Yeap. See below both methods:

BERT bert_output (None, 128, 768) bert_output (None, 768)

LSTM (Passes) lstm_output (None, 128, 300) lstm_output (None, 300)

kpe commented 4 years ago

Ok, I see, there is indeed a problem in the BertModelLayer - compute_shape() is not implemented, therefore it returns the input shape, while it should be input_shape + [hidden_size]. Let me commit this now, and you should get a fix in few minutes! Thank you very much for finding this issue!

nectario commented 4 years ago

Perfect! Thank you!!

nectario commented 4 years ago

Great, now this error has disappeared! Now, after adding the below two last lines, I get this error:

   def bert_model(self,  bert_config_file=None, bert_ckpt_file=None):
           with tf.io.gfile.GFile(bert_config_file, "r") as reader:
                bert_params = params_from_pretrained_ckpt(bert_ckpt_file)
                l_bert = BertModelLayer.from_params(bert_params, name="bert")

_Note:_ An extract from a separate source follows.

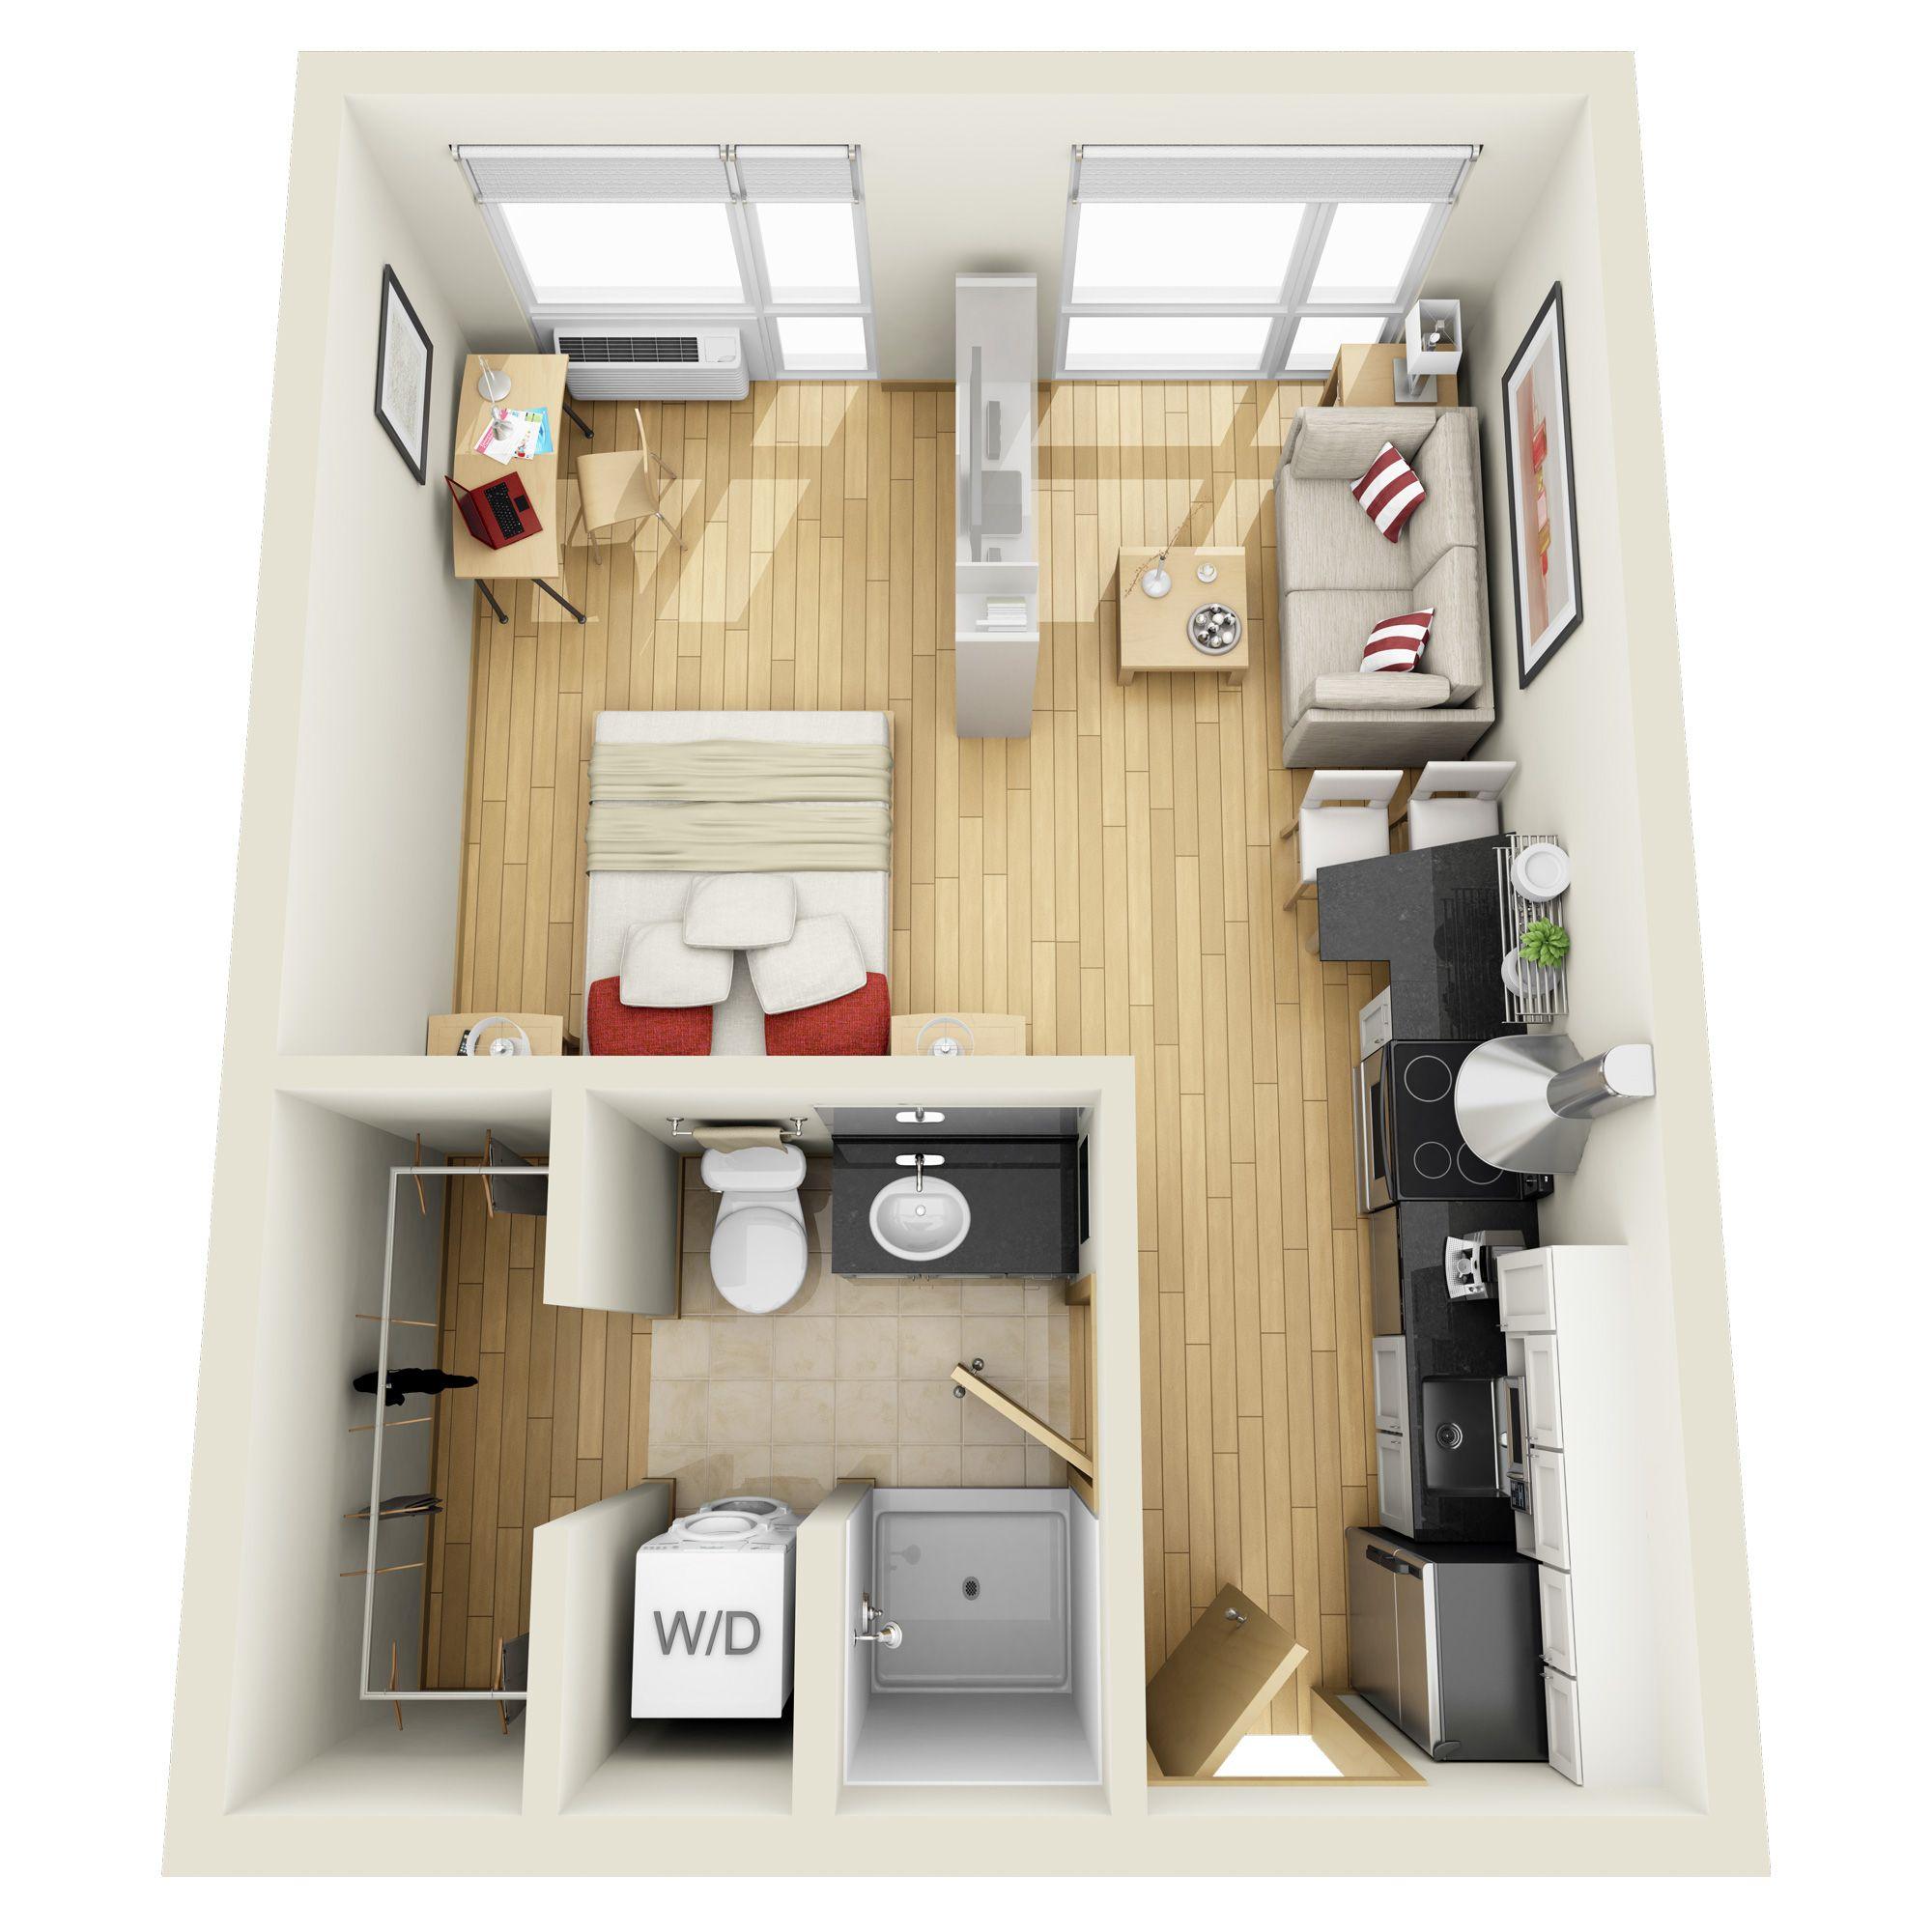 Knottingham Apartments: Studio Floorplans

                l_bert.apply_adapter_freeze()
                l_bert.embeddings_layer.trainable = False
.
.
.
.

Traceback (most recent call last): File "C:/Development/Projects/GenrePrediction/GenrePredictionModel.py", line 809, in validation_labels=genre_prediction.validation_labels, epochs=1000, batch_size=1) File "C:/Development/Projects/GenrePrediction/GenrePredictionModel.py", line 512, in fit_bert self.model = self.bert_2(bert_ckpt_file="D:/Development/Projects/bert_models/"+self.bert_model_name, bert_config_file="D:/Development/Projects/bert_models/"+self.bert_model_name+"/bert_config.json") File "C:/Development/Projects/GenrePrediction/GenrePredictionModel.py", line 345, in bert_2 l_bert.embeddings_layer.trainable = False AttributeError: 'NoneType' object has no attribute 'trainable'

kpe commented 4 years ago

could you check #29 - currently you can freeze the weights, only after the model has been built (actually in this case I can instantiate the inner layers in the constructor instead of in build()), so either wait few minutes until I trigger a new build, or put the trainable=False once the model is build/compiled.

kpe commented 4 years ago

ok, committed - thank you once again!

nectario commented 4 years ago

Awesome, thank you so much!